‘McHale’s Navy’ made military life fun

Chances are, we won’t be seeing a sitcom on the wacky adventures of a misfit troop of Marines in Baghdad in the next 20 years. Methinks that spin won’t be in — then or at any future time. Yet in the early 1960s — less than 20 years after World War II — TV used the military for hilarity in McHale’s Navy, a show which ran for four seasons and 138 b&w episodes until it ran aground.

Shout Factory has just issued its third season, and the final one set in the South Pacific. In Season Four, the PT 73 crew shifted to Europe — specifically, Italy — for its fade-out. But the show worked better in tropical South Pacificterritory, as skipper McHale (Ernest Borgnine), Ensign Parker (Tim Conway) and a motley group of party-boys and schemers idled away much of the war playing cards or playing tricks on stuffy Capt. Binghamton (Joe Flynn) while rarely enduring combat.  Hogan’s Heroes would tweak the formula soon after, with fun-loving Americans in a hapless German POW camp, just as MASH would tweak it not long after that — on the big screen, then the small — with the Korean War as a backdrop.

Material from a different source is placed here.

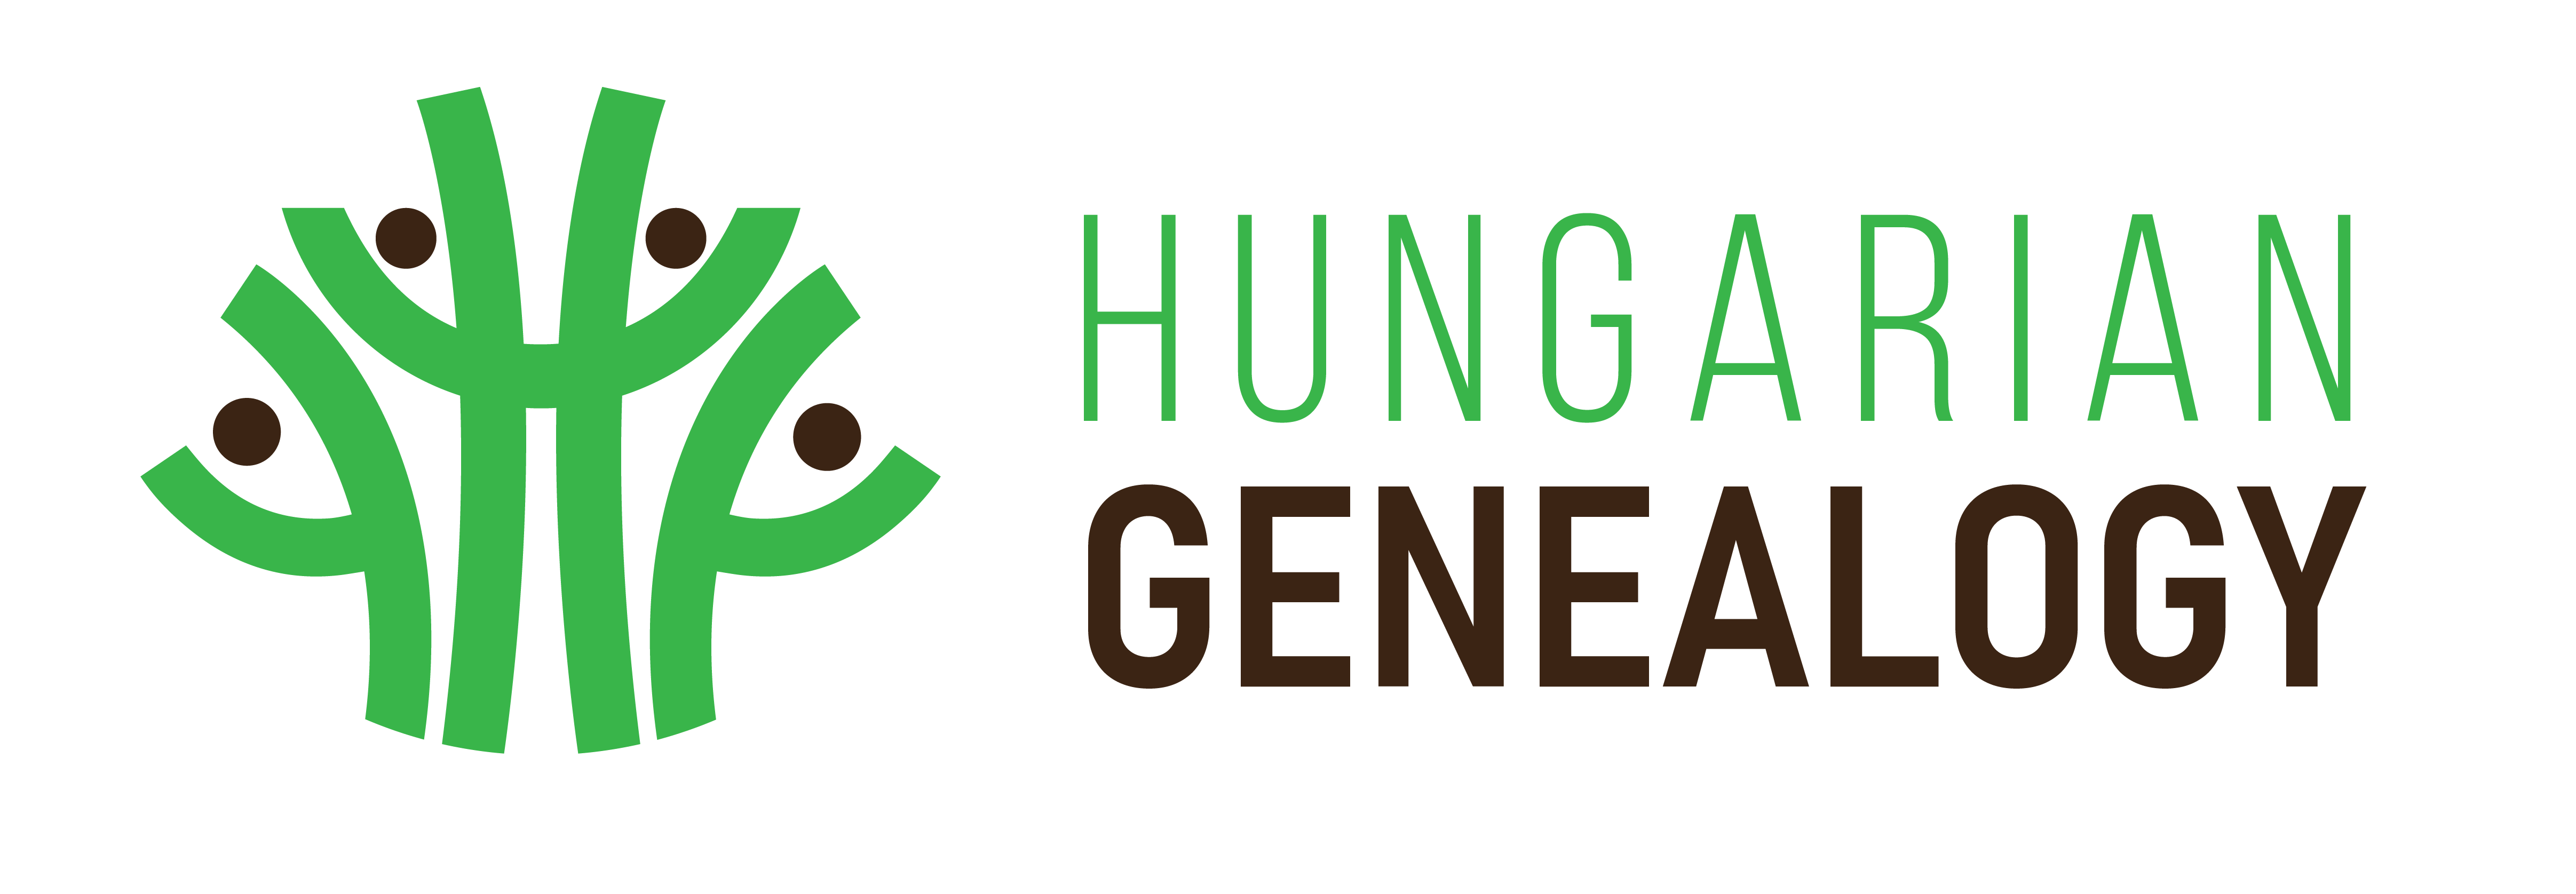 Hungarian Genealogy

While much of the mischievous military mayhem stays the same, McHale’s NavySeason Three has some notable new guest stars, including Raquel Welch, Marlo Thomas and Yvonne Craig, who drew a year’s worth of leers. The five-disc set has no extras, unlike Season One, which has a cast reunion, and Season Two, which has a Borgnine/Conway interview. What it does have is innocent fun from a time when TV was often a refuge from receding wartime, not a grim reminder of its tragedies.